After pooling across the n1 serial interval distributions, a sample
of size \(`n1` \times `n2`\) of the joint posterior distribution of the
reproduction number over each time window is obtained. The posterior mean,
standard deviation, and 0.025, 0.05, 0.25, 0.5, 0.75, 0.95, 0.975 quantiles
of the reproduction number for each time window are obtained from this
sample.
method = "si_from_data"Method "si_from_data" allows accounting for uncertainty on the serial
interval distribution. Unlike method "uncertain_si", where we arbitrarily
vary the mean and std of the SI in truncated normal distributions, here, the
scope of serial interval distributions considered is directly informed by
data on the (potentially censored) dates of symptoms of pairs of
infector/infected individuals. This data, specified in argument si_data,
should be a dataframe with 5 columns:
EL: the lower bound of the symptom onset date of the infector (given as
an integer)
ER: the upper bound of the symptom onset date of the infector (given as
an integer). Should be such that ER >= EL. If the dates are known exactly
use ER = EL
SL: the lower bound of the symptom onset date of the infected individual
(given as an integer)
SR: the upper bound of the symptom onset date of the infected individual
(given as an integer). Should be such that SR >= SL. If the dates are
known exactly use SR = SL
type (optional): can have entries 0, 1, or 2, corresponding to doubly
interval-censored, single interval-censored or exact observations,
respectively, see Reich et al.
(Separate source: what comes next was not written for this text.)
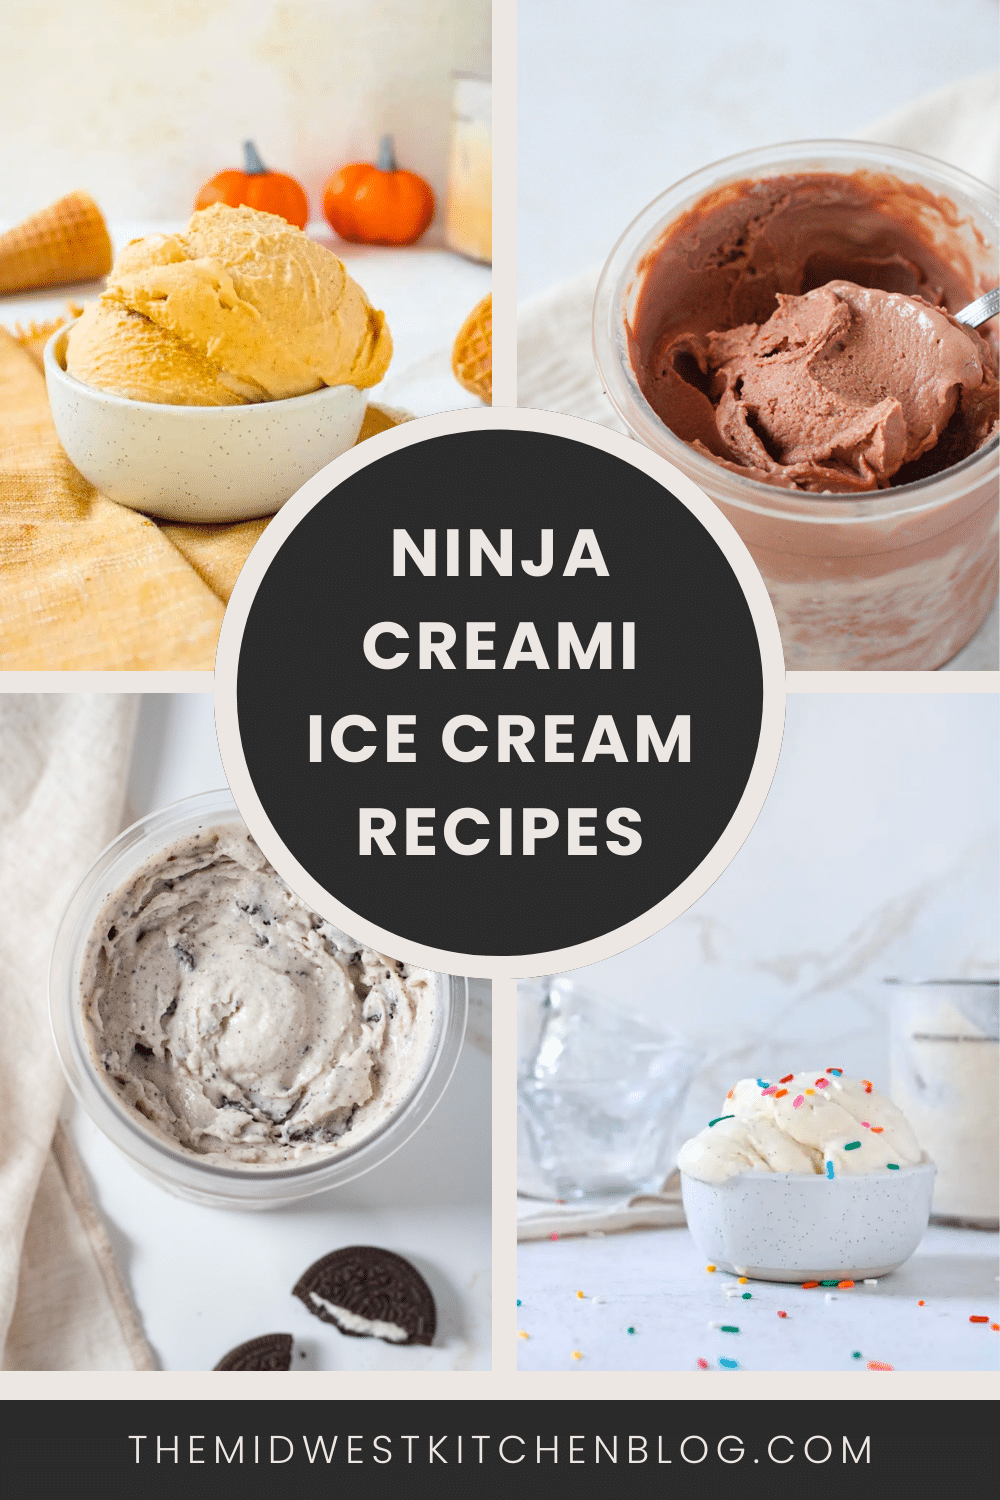 Ninja Creami Ice Cream Recipes.

Statist. Med. 2009. If not specified, this
will be automatically computed from the dates
Assuming a given parametric distribution for the serial interval distribution
(specified in si_parametric_distr), the posterior distribution of the
serial interval is estimated directly from these data using MCMC methods
implemented in the package coarsedatatools. The argument mcmc_control is a
list of characteristics which control the MCMC. The MCMC is run for a total
number of iterations of mcmc_control$burnin + n1*mcmc_control$thin; but the
output is only recorded after the burnin, and only 1 in every
mcmc_control$thin iterations, so that the posterior sample size is n1.
For each element in the posterior sample of serial interval distribution, we
then draw a sample of size n2 in the posterior distribution of the
reproduction number over each time window, conditionally on this serial
interval distribution. After pooling, a sample of size \(`n1` \times `n2`\)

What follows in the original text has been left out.